[LU-17156] sanityn test_16j: timeout Created: 29/Sep/23 Updated: 18/Nov/23 Resolved: 18/Nov/23 |
|
| Status: | Resolved |
| Project: | Lustre |
| Component/s: | None |
| Affects Version/s: | None |
| Fix Version/s: | Lustre 2.16.0 |
| Type: | Bug | Priority: | Minor |
| Reporter: | Maloo | Assignee: | Arshad Hussain |
| Resolution: | Fixed | Votes: | 0 |
| Labels: | None | ||
| Issue Links: |
|
||||||||
| Severity: | 3 | ||||||||
| Rank (Obsolete): | 9223372036854775807 | ||||||||
| Description |
|
This issue was created by maloo for S Buisson <sbuisson@ddn.com> This issue relates to the following test suite run: https://testing.whamcloud.com/test_sets/aa93e973-8c6b-4568-a9ce-a2747abd4f7b test_16j failed with the following error: Timeout occurred after 418 minutes, last suite running was sanityn Test session details: VVVVVVV DO NOT REMOVE LINES BELOW, Added by Maloo for auto-association VVVVVVV |
| Comments |
| Comment by Arshad Hussain [ 19/Oct/23 ] |
|
From: https://testing.whamcloud.com/test_logs/6315cba4-8e7e-490d-ba12-d4fad74d3784/show_text == sanityn test 16j: race dio with buffered i/o ========== 14:13:36 (1697552016) 1+0 records in 1+0 records out 26214400 bytes (26 MB, 25 MiB) copied, 0.294639 s, 89.0 MB/s CMD: trevis-31vm3 /usr/sbin/lctl get_param -n osd-*.lustre-OST0000 lustre-OST0000_UUID.nonrotational trevis-31vm3: error: get_param: param_path 'lustre-OST0000_UUID/nonrotational': No such file or directory pdsh@trevis-31vm1: trevis-31vm3: ssh exited with exit code 2 /usr/lib64/lustre/tests/test-framework.sh: line 11492: [: : integer expression expected bs: 1024, file_size 26214400 ... It looks like call to zfs_or_rotational() -> ostname_from_index() has returned "lustre-OST0000 lustre-OST0000_UUID" instead of just "lustre-OST0000" |
| Comment by Gerrit Updater [ 03/Nov/23 ] |
|
"Arshad Hussain <arshad.hussain@aeoncomputing.com>" uploaded a new patch: https://review.whamcloud.com/c/fs/lustre-release/+/52973 |
| Comment by Andreas Dilger [ 05/Nov/23 ] |
|
It looks like there is a typo in the expansion: lctl get_param -n osd-*.lustre-OST0000 lustre-OST0000_UUID.nonrotational There is a space in there, and "lustre-OST0000" is shown twice? |
| Comment by Arshad Hussain [ 05/Nov/23 ] |
|
Yes definitely.
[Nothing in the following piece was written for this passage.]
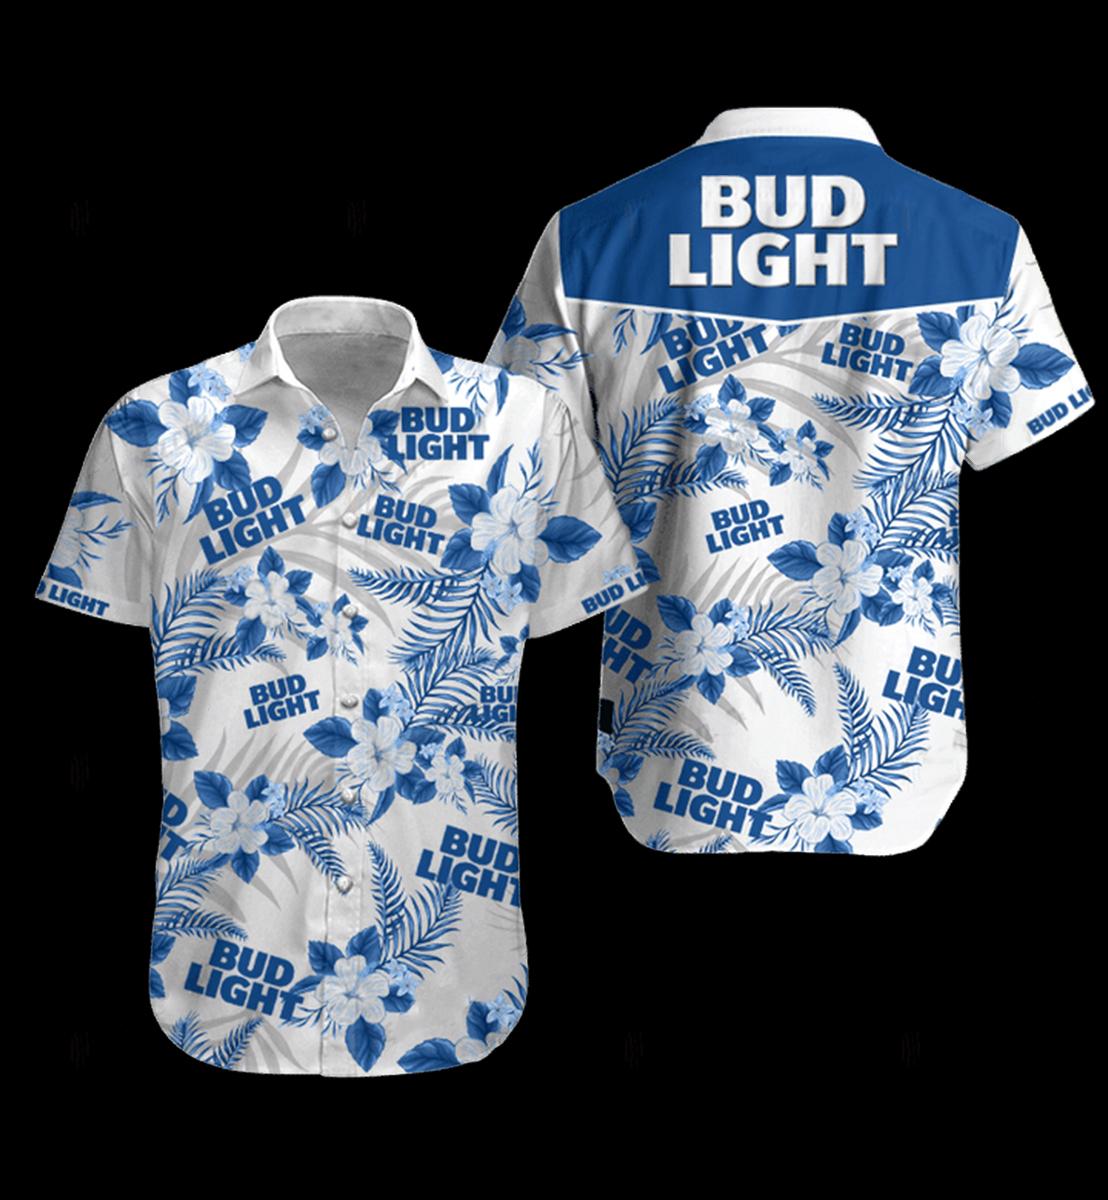 30 Natural Light hawaiian shirt and Short 1 1
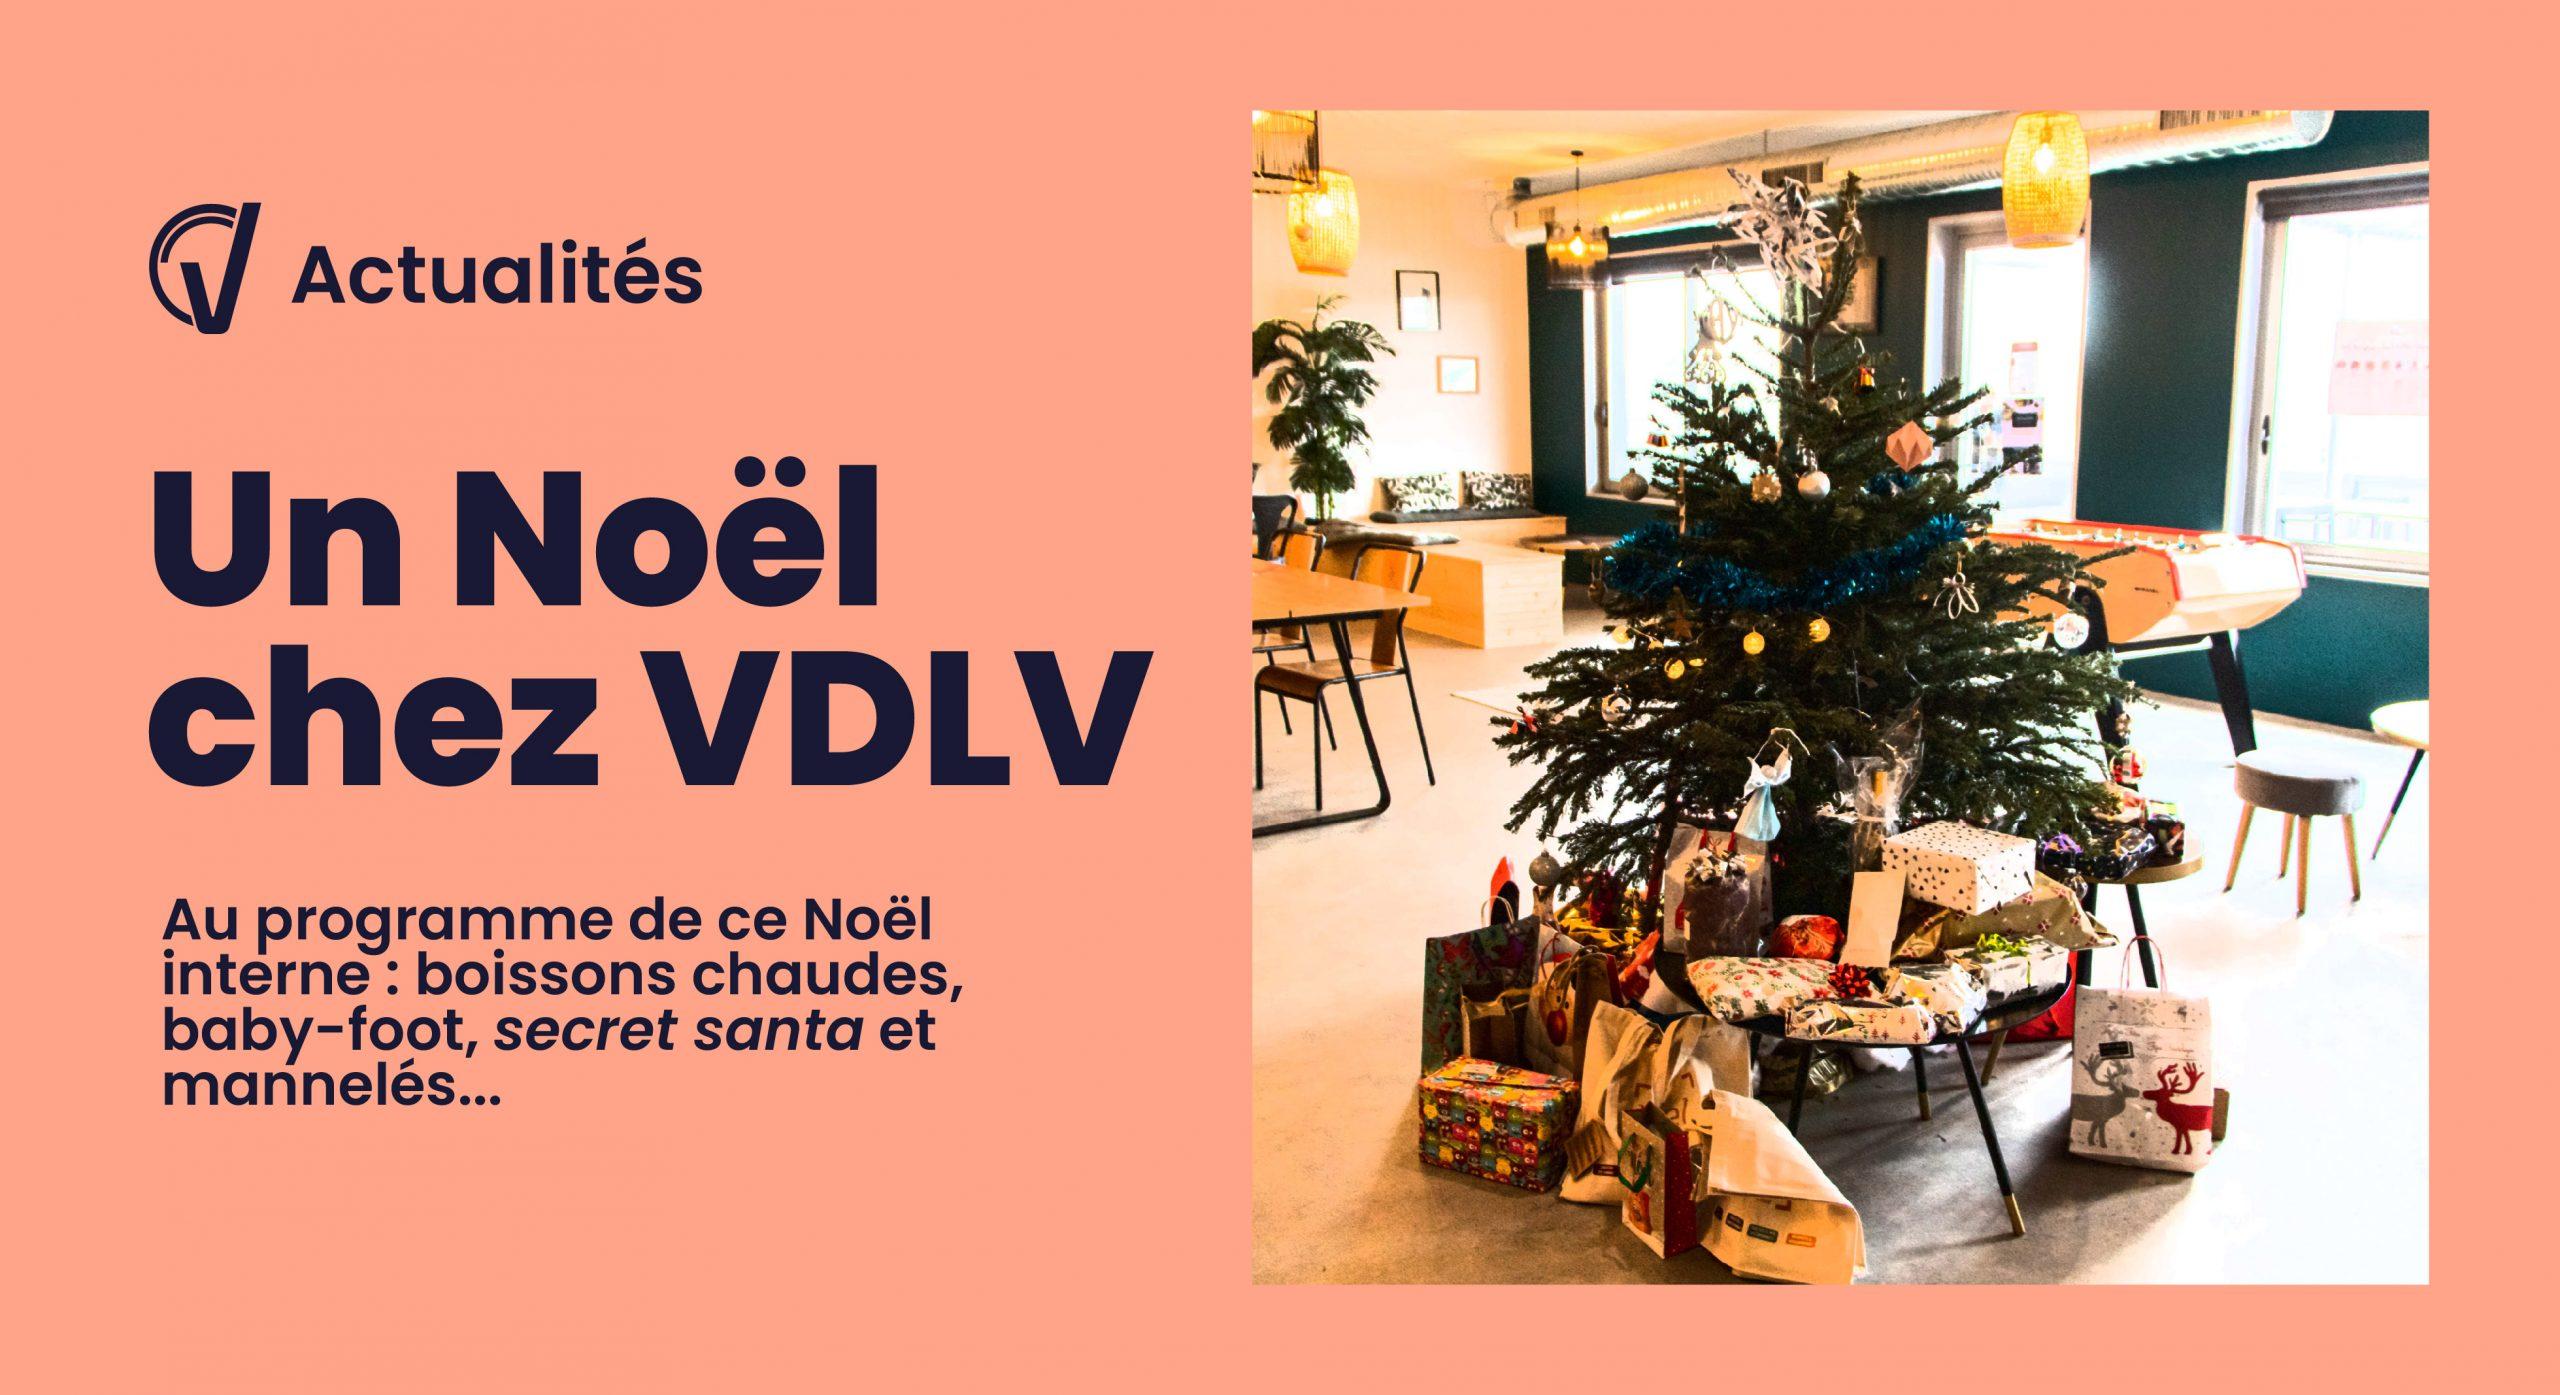 Un Noël chez VDLV

This looks like test case issue. I was initially thinking some unusual "lfs osts" output leading to this. Looked at the parsing, all seems correct. So, I put a patch to dump more log on error. (I just saw your review on that, will take care of it). There is a space in there, and "lustre-OST0000" is shown twice? Yes. and also, We should not have "_UUID" string there. It should have been remove. |
| Comment by Andreas Dilger [ 05/Nov/23 ] |
|
The _UUID string is just a result of the "echo" command only removing the first instance of _UUID in the output. When there is only a single OST name printed this will not be a problem. I've updated the patch with the fix. It looks like this has been an issue with the zfs_or_rotational() function since it was landed back on 2023-08-24, and it meant that that tests intended not to run on ZFS (because DIO on ZFS is very slow) were being run anyway and sometimes passing, and sometimes timing out. |
| Comment by Patrick Farrell [ 05/Nov/23 ] |
|
To be clear, if these tests run the full version on ZFS (or maybe even just on a rotational disk), they will time out. It just takes too long. So an error in zfs_or_rotational is enough to explain timeouts here. |
| Comment by Arshad Hussain [ 06/Nov/23 ] |
|
<snip> I've updated the patch with the fix... <snip> Andreas, yes saw that. Thanks again!
... It just takes too long. So an error in zfs_or_rotational is enough to explain timeouts here. Correct. Understood. |
| Comment by Gerrit Updater [ 18/Nov/23 ] |
|
"Oleg Drokin <green@whamcloud.com>" merged in patch https://review.whamcloud.com/c/fs/lustre-release/+/52973/ |
| Comment by Peter Jones [ 18/Nov/23 ] |
|
Landed for 2.16 |